Ну вот, начались наезды на мой гардероб. АД — настоящий эксперт по чередованию кнута и пряника.

Держу себя в руках, стараюсь. Если взорвусь, он будет провоцировать сильнее.

— Моя одежда тебя не касается. Я не собираюсь прыгать перед тобой в юбке, из-под которой видны гланды.

— Гланды? — АД смеётся надо мной, а я ничего не могу с собой поделать. Злюсь. Как он умудряется с такой лёгкостью меня раздражать? Аж слова путаю.

— Не гланды, а… не имеет значения. Оставь мою одежду в покое.
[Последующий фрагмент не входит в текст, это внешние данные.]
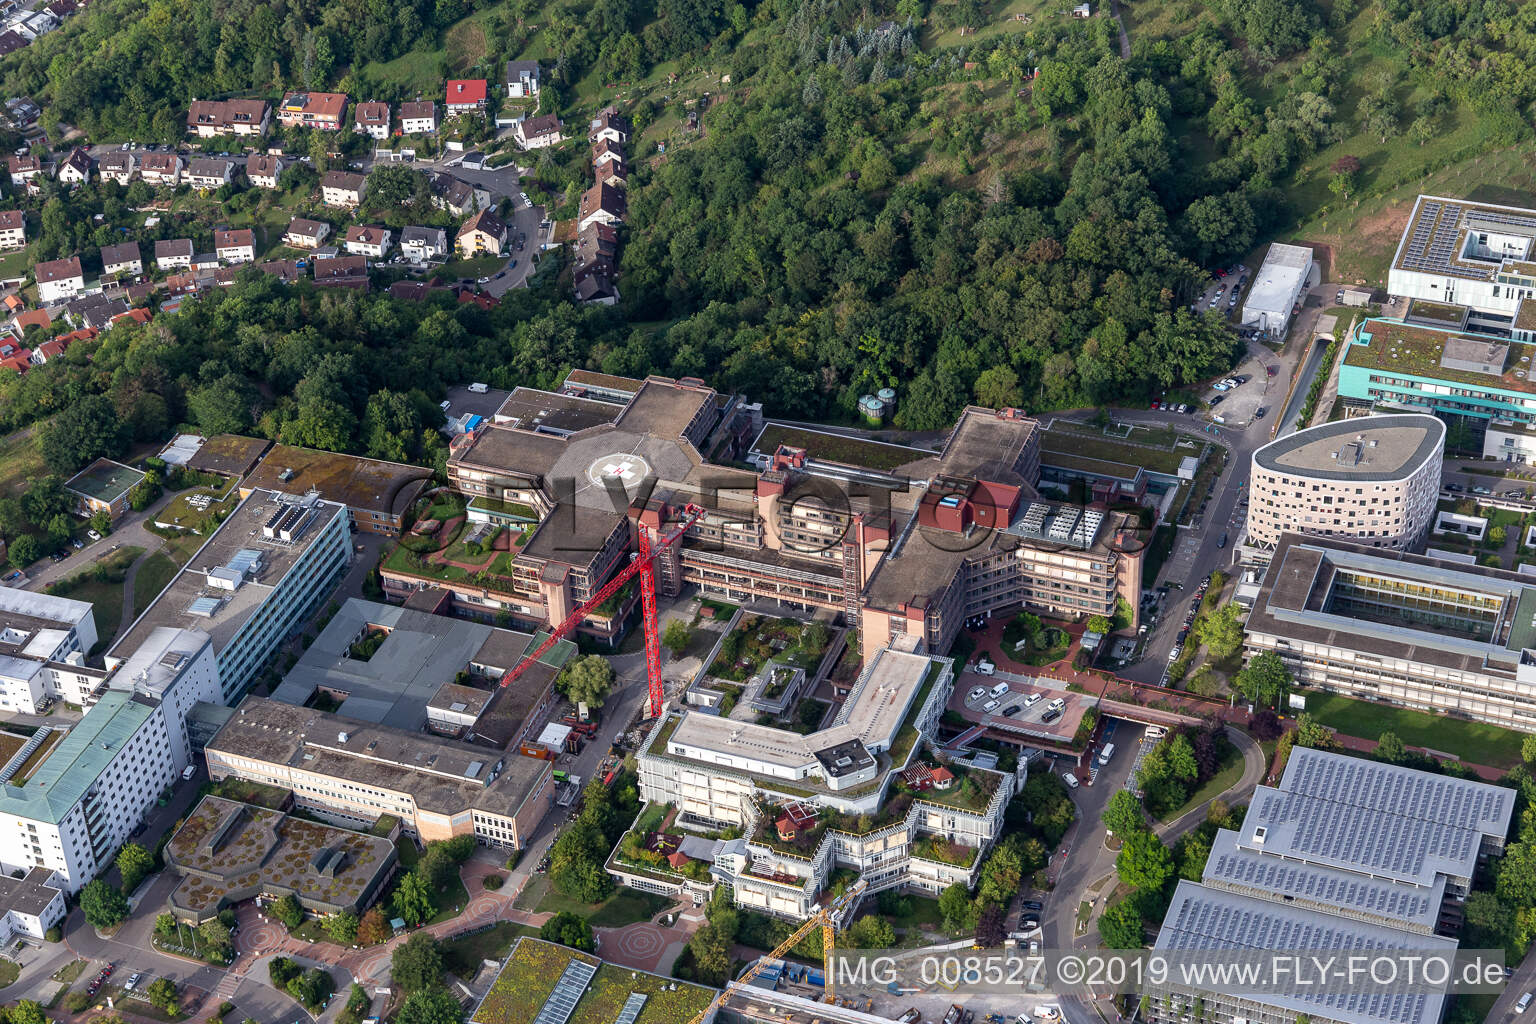 Hôpital universitaire Tübingen à Tübingen dans le département Bade-Wurtemberg, Allemagne vue d'en haut

Не оставил. Выбрал юбку до колена, рубашку и тёплый пиджак. Всё для того, чтобы я не ленилась — молнии, пуговицы, колготки.

— Не переставай быть собой из-за того, что случилось, — сказал серьёзно. Очень серьёзно, я аж задержала дыхание. Так тепло стало внутри, словно чаю глотнула. Слова АДа осели, нашли своё место. Я о них ещё вспомню.
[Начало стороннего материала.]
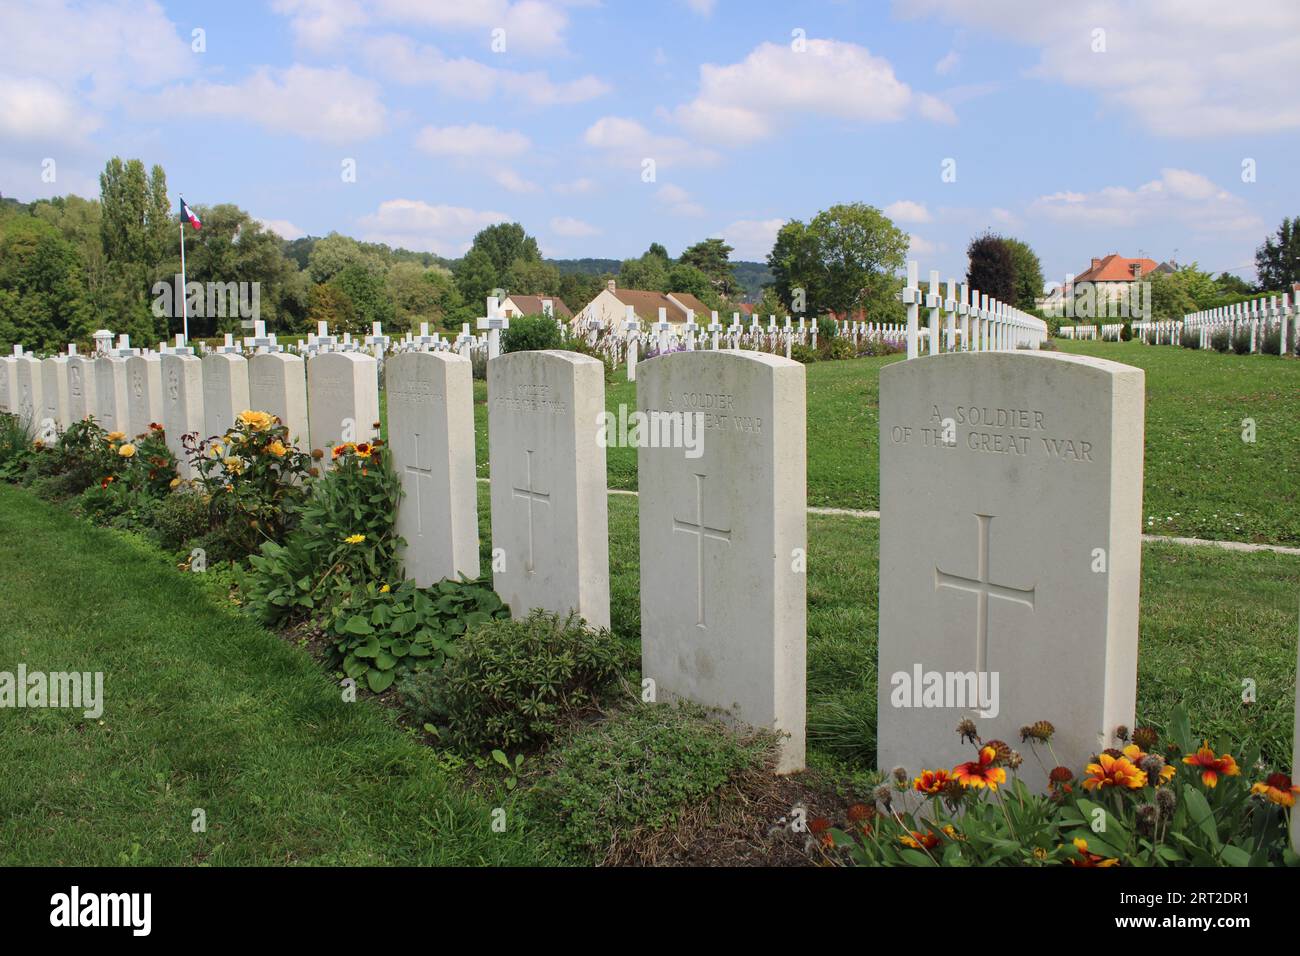 Quatre soldats britanniques inconnus au cimetière de graves de guerre du Commonwealth britannique de Vailly de la bataille de l'Aisne 1914 Banque D'Images

— Поэтому надень своё обычное тряпьё, — продолжил он, убив трогательный момент.

Попробуйте одеться одной рукой. Муторно, особенно натягивать колготки. Дёргаюсь, как паяц в мультике, ругаюсь. Беспомощность раздражает. Капрон цепляется за обкусанные ногти. Каждое движение напоминает о случившемся.

— Не думай! — крикнул АД из коридора. — Я отсюда слышу, как скрипят твои мысли. Прекрати!

Наивная, я решила, что на этом мои мучения закончатся. Как бы не так.

Когда мы спустились вниз, АД поставил передо мной лак для ногтей. Ярко-красный. Где только нашёл?

— Я зайду к Жене, а ты пока накрась ногти. Каждый раз перед поездкой в город будешь делать то же самое.

— Знаешь, что…

Во мне разгоралась буря, поднималась чёрными, жгучими волнами. Главное, чтобы не разразилась слезами. Как же он жесток! Так нельзя. Не со мной, не так скоро.

Отвернулась от него, изо всех сил стараясь сдержать крик. Не смогла.

— Ты надо мной издеваешься! Мало того, что твои ребята меня искалечили, так ты теперь сам измываешься надо мной при каждой возможности! Псих! Бессердечный!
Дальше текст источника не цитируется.